### Brief
Leave every picture out. Set down all the lines below exactly.

### Provided data
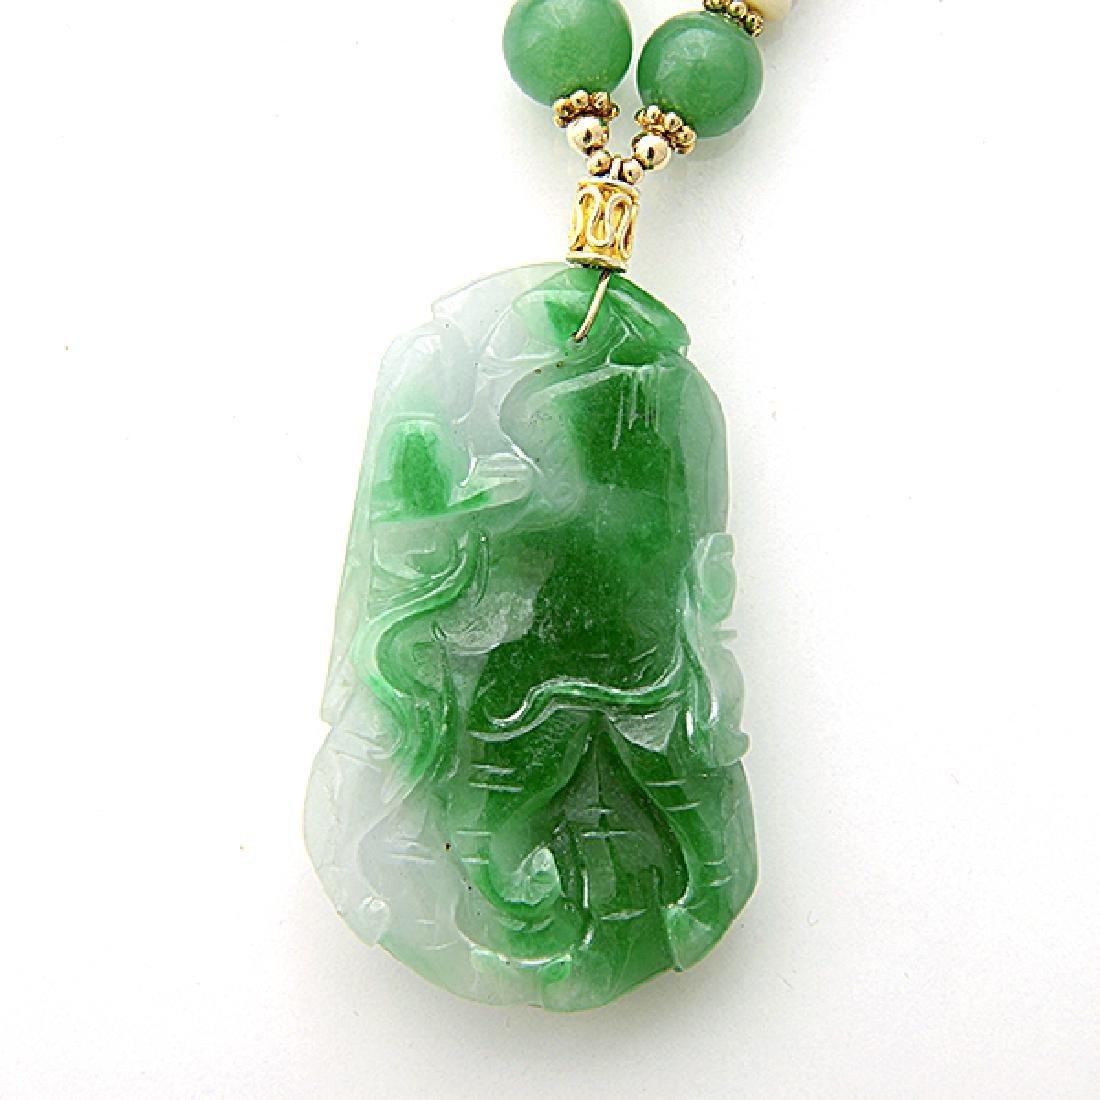 Jade, Quench Crackled Quartz, Vermeil Necklace. - 3
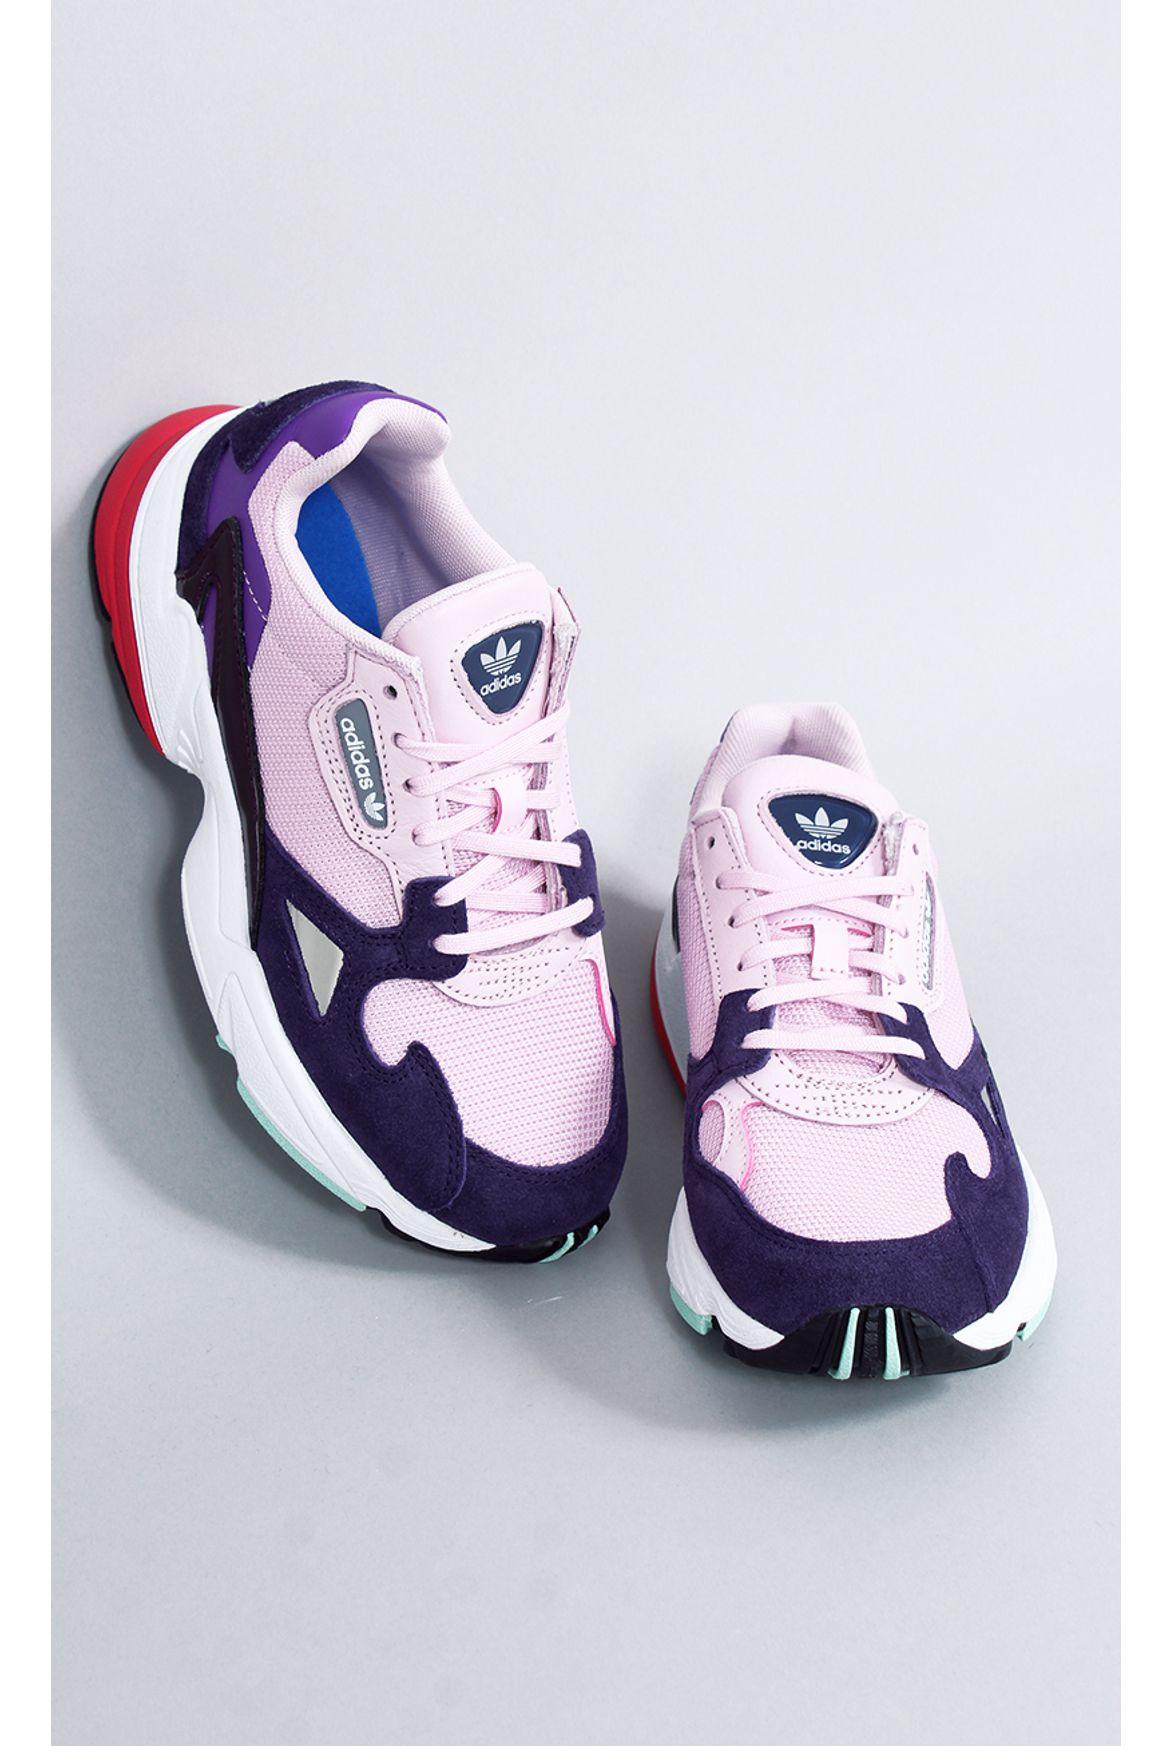 422059bc7e9 FSHN tênis adidas falcon w 25 rosa - Fashion Closet
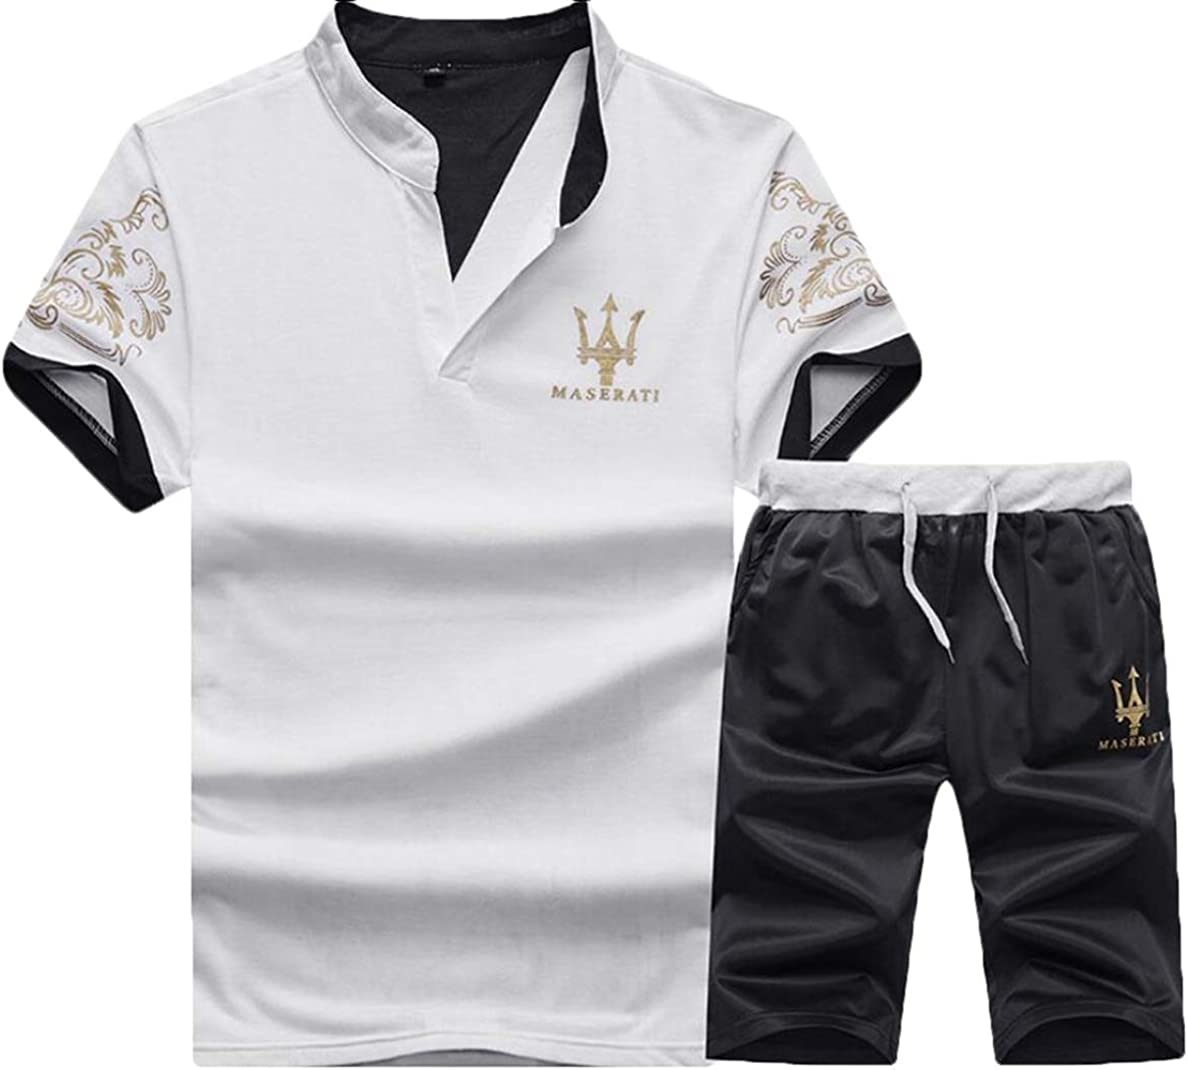 Men 2 Piece Outfits Sets Casual Active Summer Shirt Shorts Tracksuits

### Result
 Jade, Quench Crackled Quartz, Vermeil Necklace. - 3
 422059bc7e9 FSHN tênis adidas falcon w 25 rosa - Fashion Closet
 Men 2 Piece Outfits Sets Casual Active Summer Shirt Shorts Tracksuits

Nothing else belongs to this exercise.